Frauen, vor allem junge Frauen, waren im Weltsozialforum stark präsent. Eine zentrale Rolle bei der Organisierung der Debatten spielte der Weltfrauenmarsch, der zwischen 1999 und 2000 auf allen Kontinenten Märsche und andere Aktivitäten gegen Armut und Gewalt gegen Frauen durchgeführt hat. Die Initiative mündete im Oktober 2000 in einer Abschlusskundgebung vor der UNO in New York. Der Weltfrauenmarsch will im kommenden Jahr im Rahmen des 3.Weltsozialforums ein Tribunal gegen Gewalt gegen Frauen durchführen. "20 bis 50 Prozent der Frauen sind Opfer von Gewalttaten geworden, jede zehnte Frau wird vergewaltigt, die Weltbank erkennt sexistische Gewalt als Todesursache aber nicht an", heißt es dazu in einer Erklärung.
200 Indígenas aus ganz Brasilien haben in Porto Alegre die Bildung eines Komitees der Indigenen Völker im Rahmen des 3.Weltsozialforums angekündigt. Sie wollen der Forderung Nachdruck verleihen, dass Regierungen, Kirchen und alle Verantwortlichen für die historischen Massaker an den indigenen Völkern Bedingungen schaffen, dass Armut und Abhängigkeit überwunden werden.

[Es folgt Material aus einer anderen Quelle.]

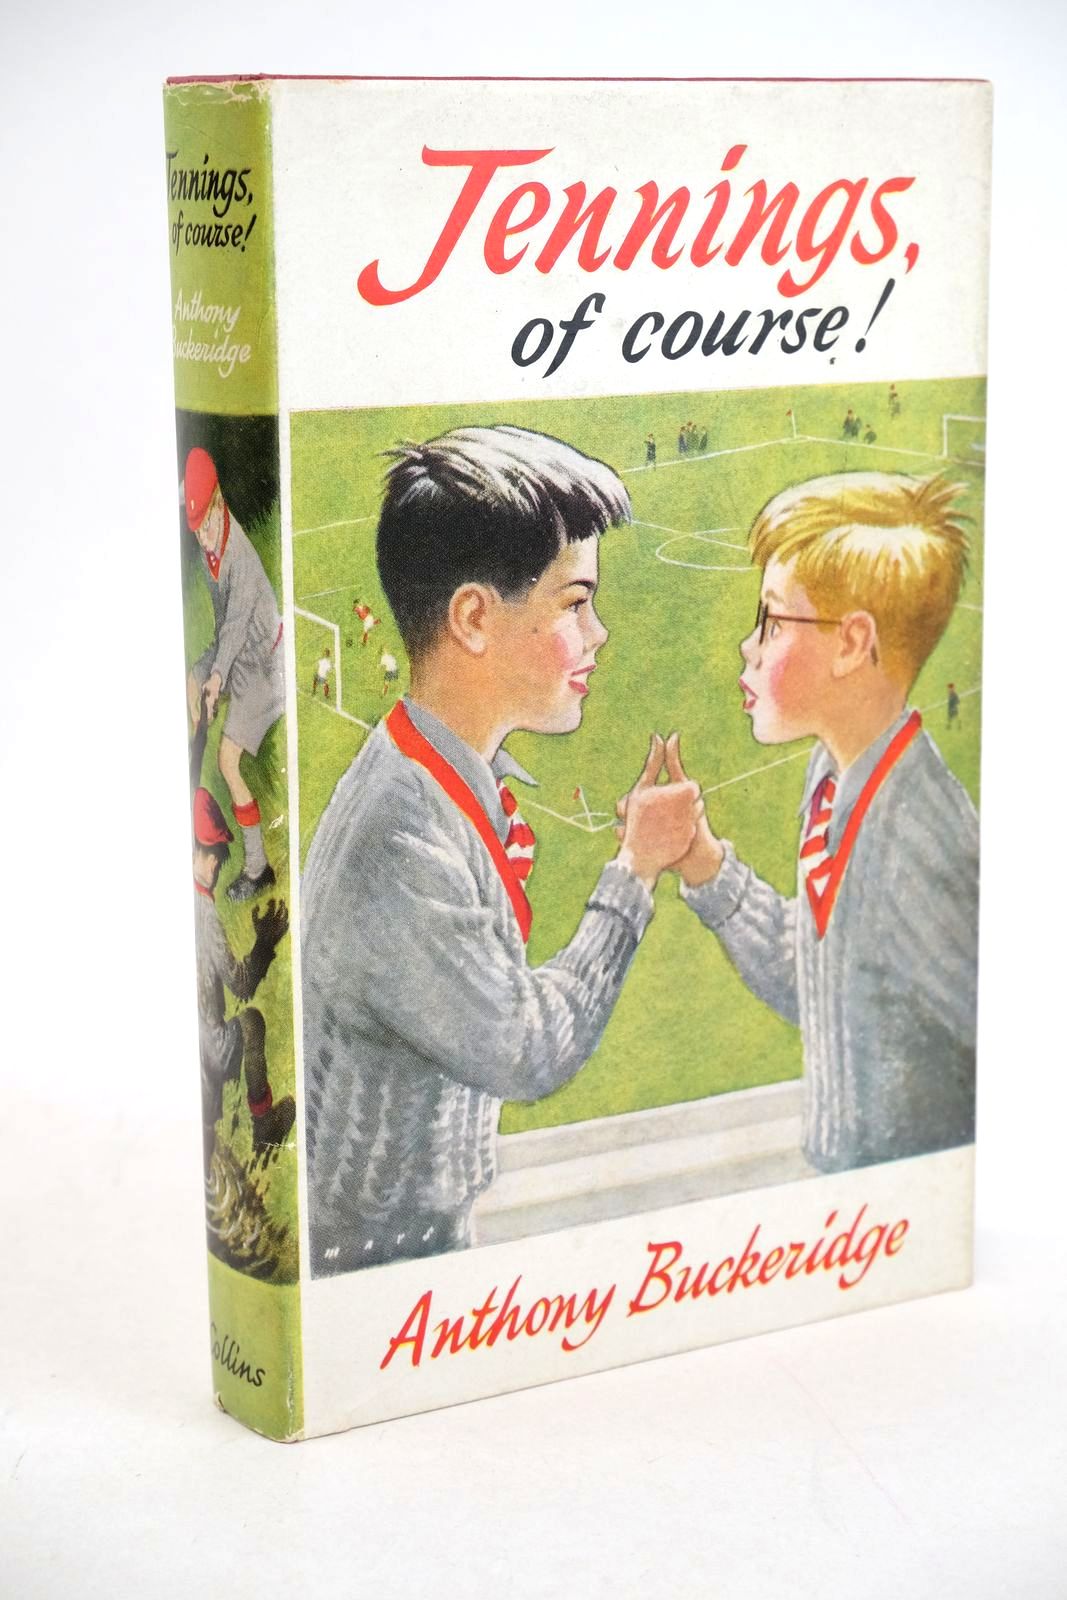 Photo of JENNINGS, OF COURSE! written by Buckeridge, Anthony illustrated by Mays, published by Collins (STOCK CODE: 1327518)  for sale by Stella & Rose's Books

Diese Völker klagen das Recht auf Differenz ein: "Wir verlangen, dass die Politik in den Bereichen Gesundheit, Bildung und Ernährung die kulturellen Unterschiede respektiert. Wir fordern die Anerkennung des Statuts der indigenen Völker, das vor zwölf Jahren erarbeitet wurde." Sie sprechen über den Verlust ihres Landes und die Gewalt, die gegen sie durch Landnahme, Mord und Gewalt gegen die Frauen ausgeübt wird.
Die Bauern, vertreten durch Via Campesina und die MST, hatten wie die Jugendlichen ein eigenes Zeltlager in einem Park aufgeschlagen. Sie sind aktiv in der Kampagne gegen die Amerikanische Freihandelszone und betreiben eigene Initiativen gegen genmanipulierte Nahrungsmittel und für die Nahrungsmittelsouveränität. Zum Welternährungsgipfel, der in Rom im vergangenen November stattfinden sollte und nun im kommenden Juni stattfinden wird, wollen sie 300000 Menschen mobilisieren. Sie haben einen Internationalen Aktionstag für Nahrungsmittelsouveränität ausgerufen.
Die einzige soziale Kraft, die in Porto Alegre nicht mit Kampagnenvorschlägen aufgetreten ist, war die Arbeiterbewegung.
Die Vernetzungsarbeit wird fortgesetzt. Der nächste Schritt ist die Einführung kontinentaler Sozialforen: Im Herbst wird ein Lateinamerikanisches Sozialforum in Quito (Ecuador) gegründet und ein Europäische Sozialforum in Italien. Planungen, dass das Weltsozialforum im Jahr 2004 in Indien und im Jahr 2005 in Afrika stattfinden soll, weisen darauf hin, dass die Verankerung auf den Kontinenten vorangetrieben werden soll, die bislang schwächer repräsentiert sind.